What are the most common “mistakes” and why are they considered “mistakes”?
The “writing” demonstrated in this voice-to-text task exemplified the notion of “…writing as once-removed, a derivative of speech…” as suggested in the perspectives of Ong, Goody, Havelock, Plato and Socrates (Haas, 2013, p.12.) While one of the voice-to-text tools was superior in capturing grammatical elements and including fewer errors, neither tool could convey the story as effectively as told in oral form. The experience of this task contradicts Ong’s (2002) observation that“…writing from the beginning did not reduce orality but enhanced it…” (p. 9.)
A focus on phonology instead of word context might have led to errors in documentation. For example, there was confusion with homonyms, with the word “for” being recorded when it should have been the number “four,” and the word “no” being recorded when it should have been “know.” In the latter case, this error might have resulted from an error in the preceding word as well (e.g., the software captured “with no,” when it should have been “would know.”) The voice-to-text technology also misheard some words. For example, it heard “true” instead of “through,” “hears” instead of “years,” and “South” instead of “self.” These errors are considered to be mistakes because they do not accurately match the words that were spoken. As such, they could create confusion and misunderstanding for the reader.
Google Doc’s Voice Typing software missed capitalizations for new sentences, and added odd capitalizations for some words (e.g., “ Time Obviously,” “Blackboard” and “Lifelong Love.”) It is possible that these capitalizations were the result of a pause in my speech, suggesting a new sentence. Some of these occurred with the Otter.ai technology as well.
The Otter.ai software seemed to capture “disjointed” moments in my “thought-to-speech” process, placing one word on a separate line, likely as I processed and paused. For example:
…inspiration in that story from the, the logos and pictures on his work truck.

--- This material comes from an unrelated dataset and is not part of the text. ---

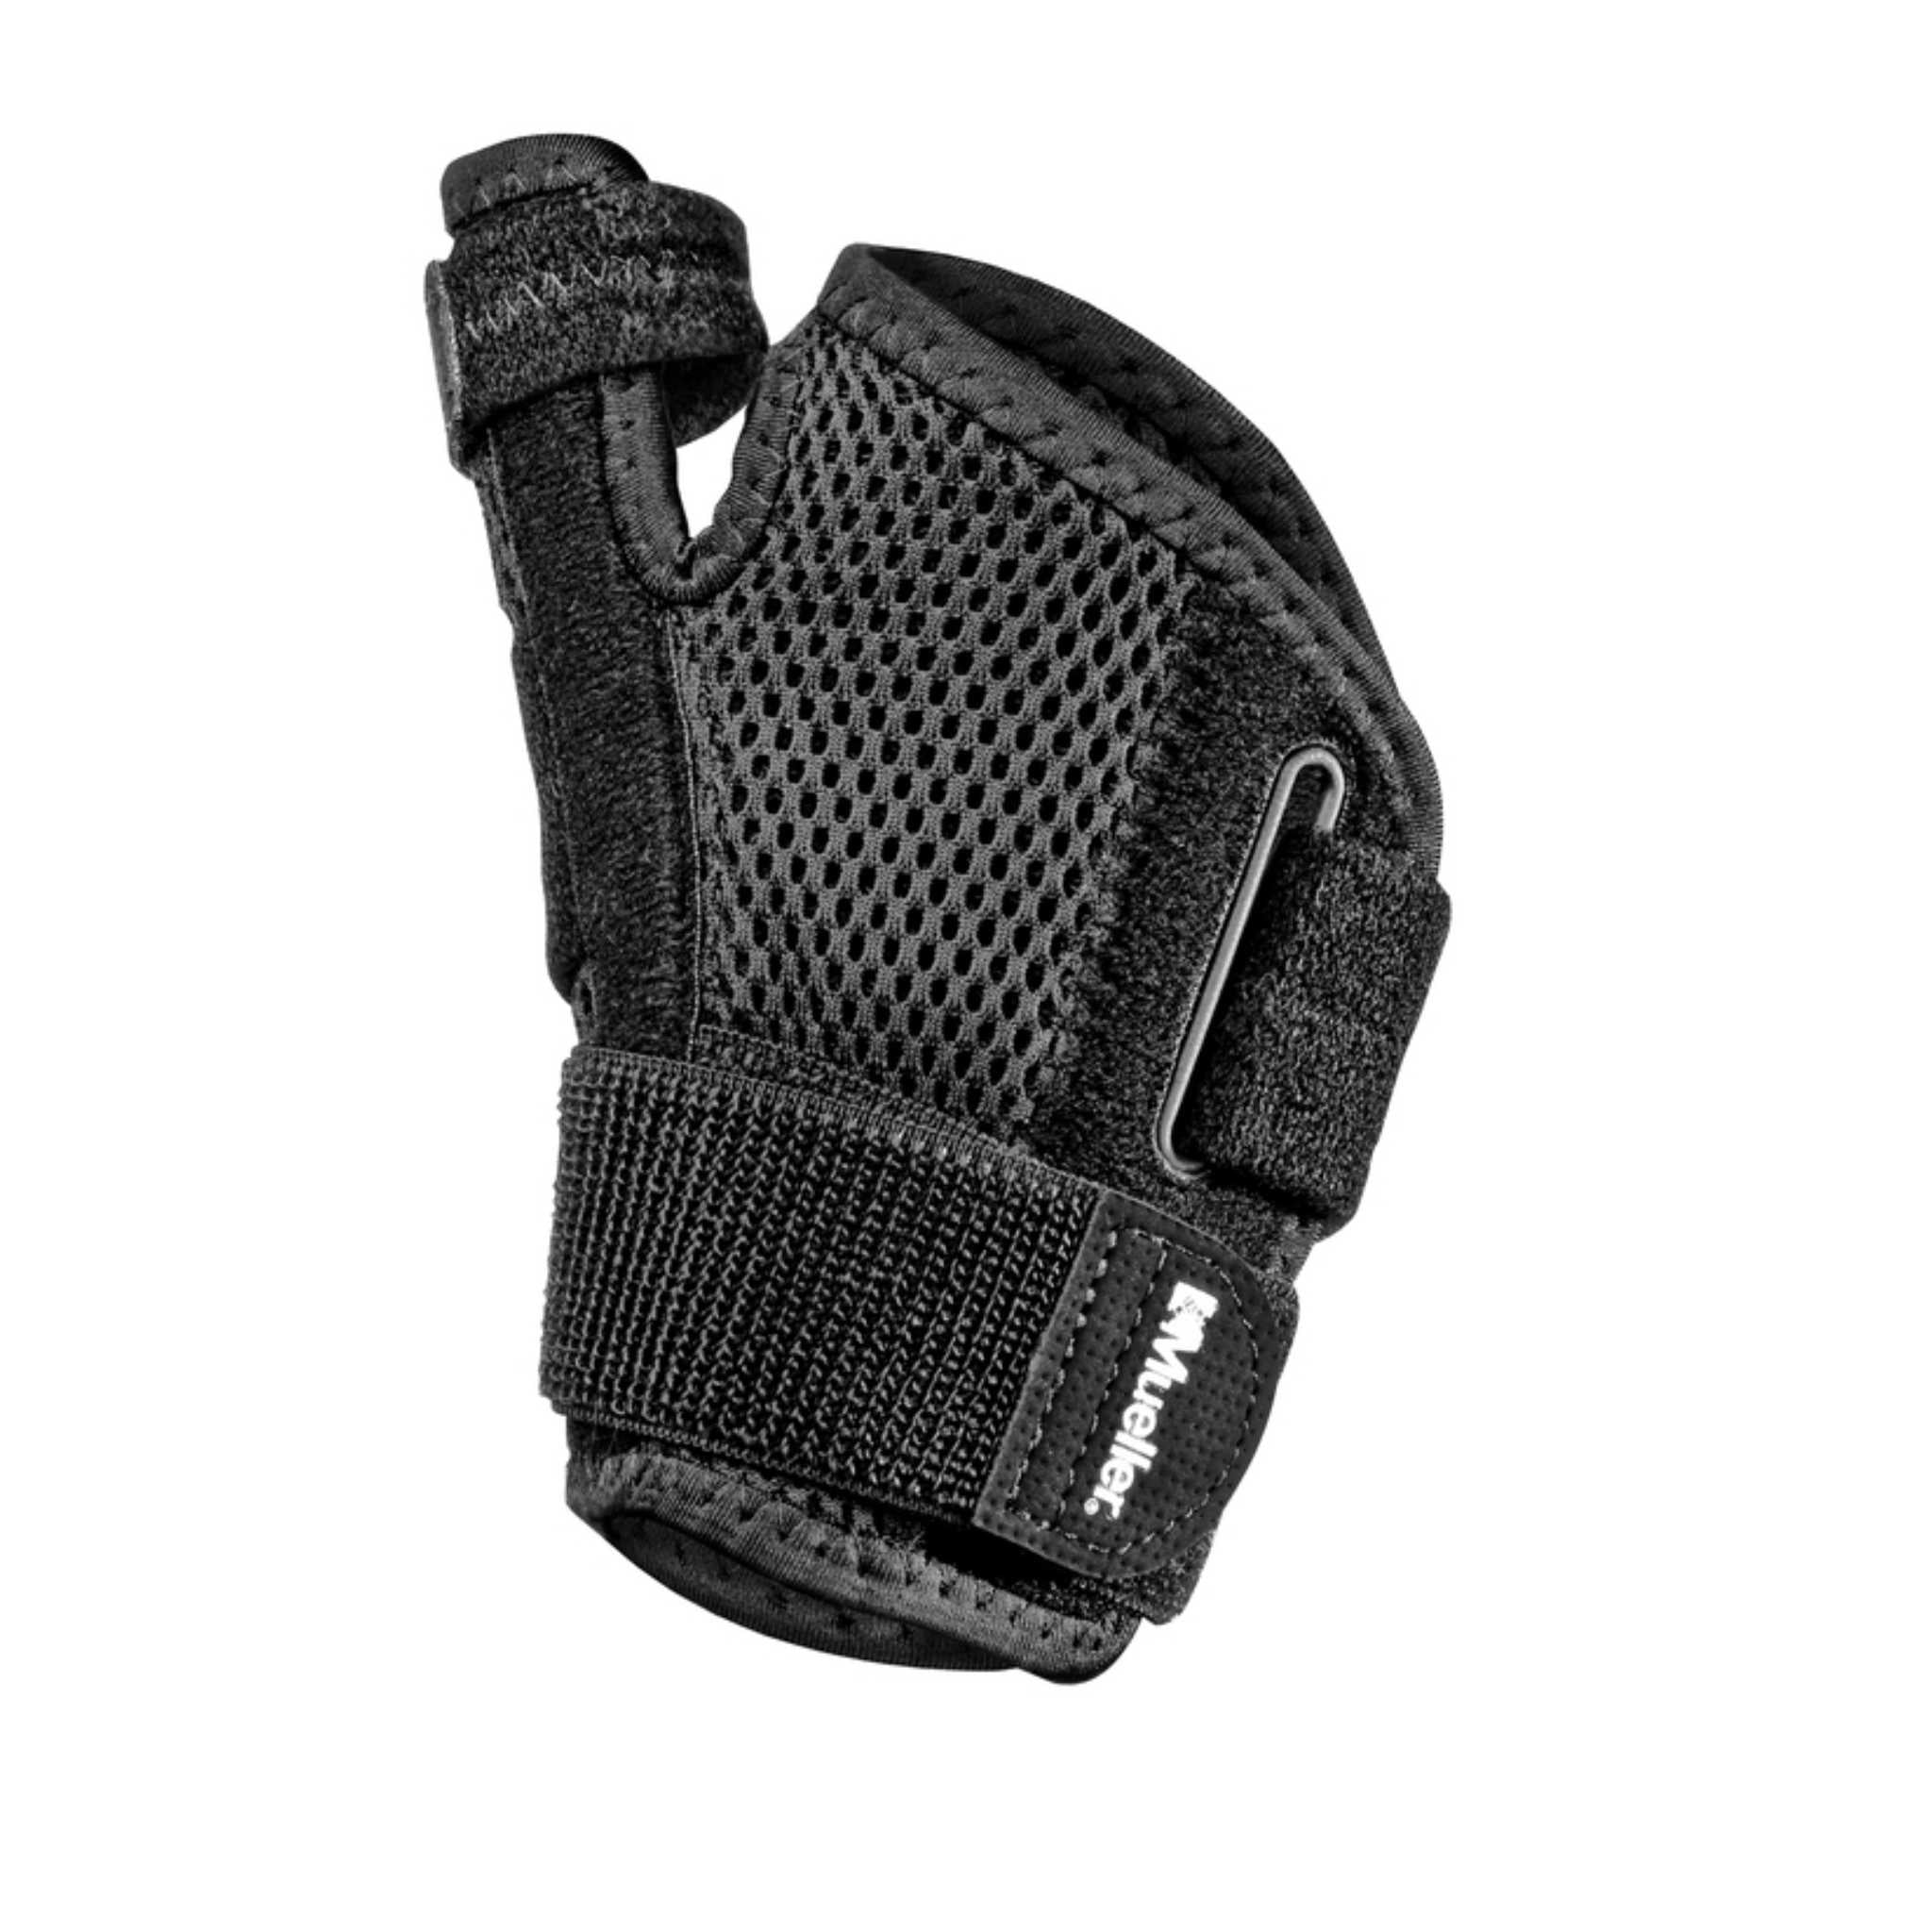 Mueller® Reversible Thumb Stabilizer, Unisex, One Size Fits Most - Black

So this is all really interesting
and
interesting because I’ve always liked to talk but I’ve also always liked to write, but this part of my creating…
Despite its ability to add punctuation, the Otter.ai voice-to-text technology sometimes “over-punctuated,” turning one sentence into two, resulting in grammatical error. While Otter.ai separated run-on sentences, this created multiple sentences beginning that began with the word “and.”
Rules between the two technologies were sometimes inconsistent. For example, Google Doc’s Voice Typing hyphenated “three-quarters,” while Otter.ai did not. Google Doc used the Canadian/British spelling of words such as “neighbour” and “catalogue” while Otter.ai included American spelling.
I found it interesting to notice that I was less compelled to edit the punctuated version provided by Otter.ai, even though I winced at the clunkiness of my spoken word. My need to edit and “sanitize” was much stronger when reviewing the punctuation-less version provided by Google Doc’s Voice Typing.
In what I assume were especially “mumbly moments,” Google Doc’s Voice Typing software generated interesting results. For example, when I said “…creativity might help me to come up with a solution,” the software recorded: “…creativity might help me to Muppet solution.” This may be indicative of the cultural biases inherent in AI solutions, as I don’t expect that Jim Henson’s Muppets are widely recognized in all corners of the world.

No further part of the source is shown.